**Work required**
Set down each entry again exactly as written.

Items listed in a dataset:
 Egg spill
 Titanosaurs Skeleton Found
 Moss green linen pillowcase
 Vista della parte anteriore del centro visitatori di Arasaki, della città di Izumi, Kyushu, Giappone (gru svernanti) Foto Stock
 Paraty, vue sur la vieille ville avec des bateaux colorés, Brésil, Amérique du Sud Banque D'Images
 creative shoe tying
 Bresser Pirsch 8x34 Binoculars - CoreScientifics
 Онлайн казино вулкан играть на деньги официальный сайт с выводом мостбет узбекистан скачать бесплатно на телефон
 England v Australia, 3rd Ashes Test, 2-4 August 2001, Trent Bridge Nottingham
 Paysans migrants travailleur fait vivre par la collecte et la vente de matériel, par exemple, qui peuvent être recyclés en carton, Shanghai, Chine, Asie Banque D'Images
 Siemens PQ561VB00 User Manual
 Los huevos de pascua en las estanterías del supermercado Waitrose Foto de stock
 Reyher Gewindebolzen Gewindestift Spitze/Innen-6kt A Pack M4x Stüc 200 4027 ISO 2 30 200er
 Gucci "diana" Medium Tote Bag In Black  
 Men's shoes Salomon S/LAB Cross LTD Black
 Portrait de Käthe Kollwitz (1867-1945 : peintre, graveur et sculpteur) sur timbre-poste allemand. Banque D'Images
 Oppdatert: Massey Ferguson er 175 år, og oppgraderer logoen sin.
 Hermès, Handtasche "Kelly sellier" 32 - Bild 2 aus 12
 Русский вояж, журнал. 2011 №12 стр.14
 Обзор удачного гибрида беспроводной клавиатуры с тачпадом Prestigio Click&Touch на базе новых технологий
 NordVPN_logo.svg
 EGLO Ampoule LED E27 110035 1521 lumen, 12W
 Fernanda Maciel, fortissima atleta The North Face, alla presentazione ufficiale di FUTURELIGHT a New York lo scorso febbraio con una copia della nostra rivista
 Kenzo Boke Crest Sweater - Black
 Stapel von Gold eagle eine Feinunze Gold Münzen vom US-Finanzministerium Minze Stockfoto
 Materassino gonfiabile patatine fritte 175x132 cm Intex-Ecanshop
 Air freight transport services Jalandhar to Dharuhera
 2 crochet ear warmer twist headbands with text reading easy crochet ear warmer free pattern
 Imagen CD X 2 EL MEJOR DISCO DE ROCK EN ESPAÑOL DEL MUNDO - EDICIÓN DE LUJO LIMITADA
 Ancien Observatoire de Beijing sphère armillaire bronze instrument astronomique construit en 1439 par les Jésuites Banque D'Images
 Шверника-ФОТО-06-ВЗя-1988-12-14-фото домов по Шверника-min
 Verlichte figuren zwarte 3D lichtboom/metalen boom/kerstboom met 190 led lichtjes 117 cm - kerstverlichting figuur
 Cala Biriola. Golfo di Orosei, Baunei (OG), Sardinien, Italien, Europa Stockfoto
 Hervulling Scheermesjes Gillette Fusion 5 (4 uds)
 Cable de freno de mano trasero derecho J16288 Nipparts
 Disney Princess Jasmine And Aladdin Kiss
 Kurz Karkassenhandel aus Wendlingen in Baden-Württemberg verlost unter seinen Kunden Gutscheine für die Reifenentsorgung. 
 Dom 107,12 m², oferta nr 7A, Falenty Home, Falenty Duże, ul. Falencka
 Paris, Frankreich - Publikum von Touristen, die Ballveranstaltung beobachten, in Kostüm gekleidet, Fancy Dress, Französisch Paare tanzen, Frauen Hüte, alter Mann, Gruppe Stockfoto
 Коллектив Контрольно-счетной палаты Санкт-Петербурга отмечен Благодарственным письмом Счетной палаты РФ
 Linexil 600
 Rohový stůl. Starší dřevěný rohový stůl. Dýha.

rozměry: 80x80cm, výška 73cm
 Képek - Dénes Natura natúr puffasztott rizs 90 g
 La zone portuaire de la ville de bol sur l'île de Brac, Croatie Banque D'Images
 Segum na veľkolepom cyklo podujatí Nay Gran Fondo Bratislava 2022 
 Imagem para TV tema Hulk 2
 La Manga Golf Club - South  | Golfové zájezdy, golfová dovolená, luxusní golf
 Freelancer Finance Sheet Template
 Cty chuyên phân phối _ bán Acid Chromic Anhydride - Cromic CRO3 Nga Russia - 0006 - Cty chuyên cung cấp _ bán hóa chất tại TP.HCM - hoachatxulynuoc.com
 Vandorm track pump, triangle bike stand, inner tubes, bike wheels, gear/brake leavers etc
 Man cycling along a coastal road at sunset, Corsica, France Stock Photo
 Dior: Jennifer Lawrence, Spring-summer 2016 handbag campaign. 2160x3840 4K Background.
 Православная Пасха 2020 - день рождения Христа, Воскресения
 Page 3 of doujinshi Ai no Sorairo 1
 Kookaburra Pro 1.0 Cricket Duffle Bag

**Your solution**
 Egg spill
 Titanosaurs Skeleton Found
 Moss green linen pillowcase
 Vista della parte anteriore del centro visitatori di Arasaki, della città di Izumi, Kyushu, Giappone (gru svernanti) Foto Stock
 Paraty, vue sur la vieille ville avec des bateaux colorés, Brésil, Amérique du Sud Banque D'Images
 creative shoe tying
 Bresser Pirsch 8x34 Binoculars - CoreScientifics
 Онлайн казино вулкан играть на деньги официальный сайт с выводом мостбет узбекистан скачать бесплатно на телефон
 England v Australia, 3rd Ashes Test, 2-4 August 2001, Trent Bridge Nottingham
 Paysans migrants travailleur fait vivre par la collecte et la vente de matériel, par exemple, qui peuvent être recyclés en carton, Shanghai, Chine, Asie Banque D'Images
 Siemens PQ561VB00 User Manual
 Los huevos de pascua en las estanterías del supermercado Waitrose Foto de stock
 Reyher Gewindebolzen Gewindestift Spitze/Innen-6kt A Pack M4x Stüc 200 4027 ISO 2 30 200er
 Gucci "diana" Medium Tote Bag In Black  
 Men's shoes Salomon S/LAB Cross LTD Black
 Portrait de Käthe Kollwitz (1867-1945 : peintre, graveur et sculpteur) sur timbre-poste allemand. Banque D'Images
 Oppdatert: Massey Ferguson er 175 år, og oppgraderer logoen sin.
 Hermès, Handtasche "Kelly sellier" 32 - Bild 2 aus 12
 Русский вояж, журнал. 2011 №12 стр.14
 Обзор удачного гибрида беспроводной клавиатуры с тачпадом Prestigio Click&Touch на базе новых технологий
 NordVPN_logo.svg
 EGLO Ampoule LED E27 110035 1521 lumen, 12W
 Fernanda Maciel, fortissima atleta The North Face, alla presentazione ufficiale di FUTURELIGHT a New York lo scorso febbraio con una copia della nostra rivista
 Kenzo Boke Crest Sweater - Black
 Stapel von Gold eagle eine Feinunze Gold Münzen vom US-Finanzministerium Minze Stockfoto
 Materassino gonfiabile patatine fritte 175x132 cm Intex-Ecanshop
 Air freight transport services Jalandhar to Dharuhera
 2 crochet ear warmer twist headbands with text reading easy crochet ear warmer free pattern
 Imagen CD X 2 EL MEJOR DISCO DE ROCK EN ESPAÑOL DEL MUNDO - EDICIÓN DE LUJO LIMITADA
 Ancien Observatoire de Beijing sphère armillaire bronze instrument astronomique construit en 1439 par les Jésuites Banque D'Images
 Шверника-ФОТО-06-ВЗя-1988-12-14-фото домов по Шверника-min
 Verlichte figuren zwarte 3D lichtboom/metalen boom/kerstboom met 190 led lichtjes 117 cm - kerstverlichting figuur
 Cala Biriola. Golfo di Orosei, Baunei (OG), Sardinien, Italien, Europa Stockfoto
 Hervulling Scheermesjes Gillette Fusion 5 (4 uds)
 Cable de freno de mano trasero derecho J16288 Nipparts
 Disney Princess Jasmine And Aladdin Kiss
 Kurz Karkassenhandel aus Wendlingen in Baden-Württemberg verlost unter seinen Kunden Gutscheine für die Reifenentsorgung. 
 Dom 107,12 m², oferta nr 7A, Falenty Home, Falenty Duże, ul. Falencka
 Paris, Frankreich - Publikum von Touristen, die Ballveranstaltung beobachten, in Kostüm gekleidet, Fancy Dress, Französisch Paare tanzen, Frauen Hüte, alter Mann, Gruppe Stockfoto
 Коллектив Контрольно-счетной палаты Санкт-Петербурга отмечен Благодарственным письмом Счетной палаты РФ
 Linexil 600
 Rohový stůl. Starší dřevěný rohový stůl. Dýha.

rozměry: 80x80cm, výška 73cm
 Képek - Dénes Natura natúr puffasztott rizs 90 g
 La zone portuaire de la ville de bol sur l'île de Brac, Croatie Banque D'Images
 Segum na veľkolepom cyklo podujatí Nay Gran Fondo Bratislava 2022 
 Imagem para TV tema Hulk 2
 La Manga Golf Club - South  | Golfové zájezdy, golfová dovolená, luxusní golf
 Freelancer Finance Sheet Template
 Cty chuyên phân phối _ bán Acid Chromic Anhydride - Cromic CRO3 Nga Russia - 0006 - Cty chuyên cung cấp _ bán hóa chất tại TP.HCM - hoachatxulynuoc.com
 Vandorm track pump, triangle bike stand, inner tubes, bike wheels, gear/brake leavers etc
 Man cycling along a coastal road at sunset, Corsica, France Stock Photo
 Dior: Jennifer Lawrence, Spring-summer 2016 handbag campaign. 2160x3840 4K Background.
 Православная Пасха 2020 - день рождения Христа, Воскресения
 Page 3 of doujinshi Ai no Sorairo 1
 Kookaburra Pro 1.0 Cricket Duffle Bag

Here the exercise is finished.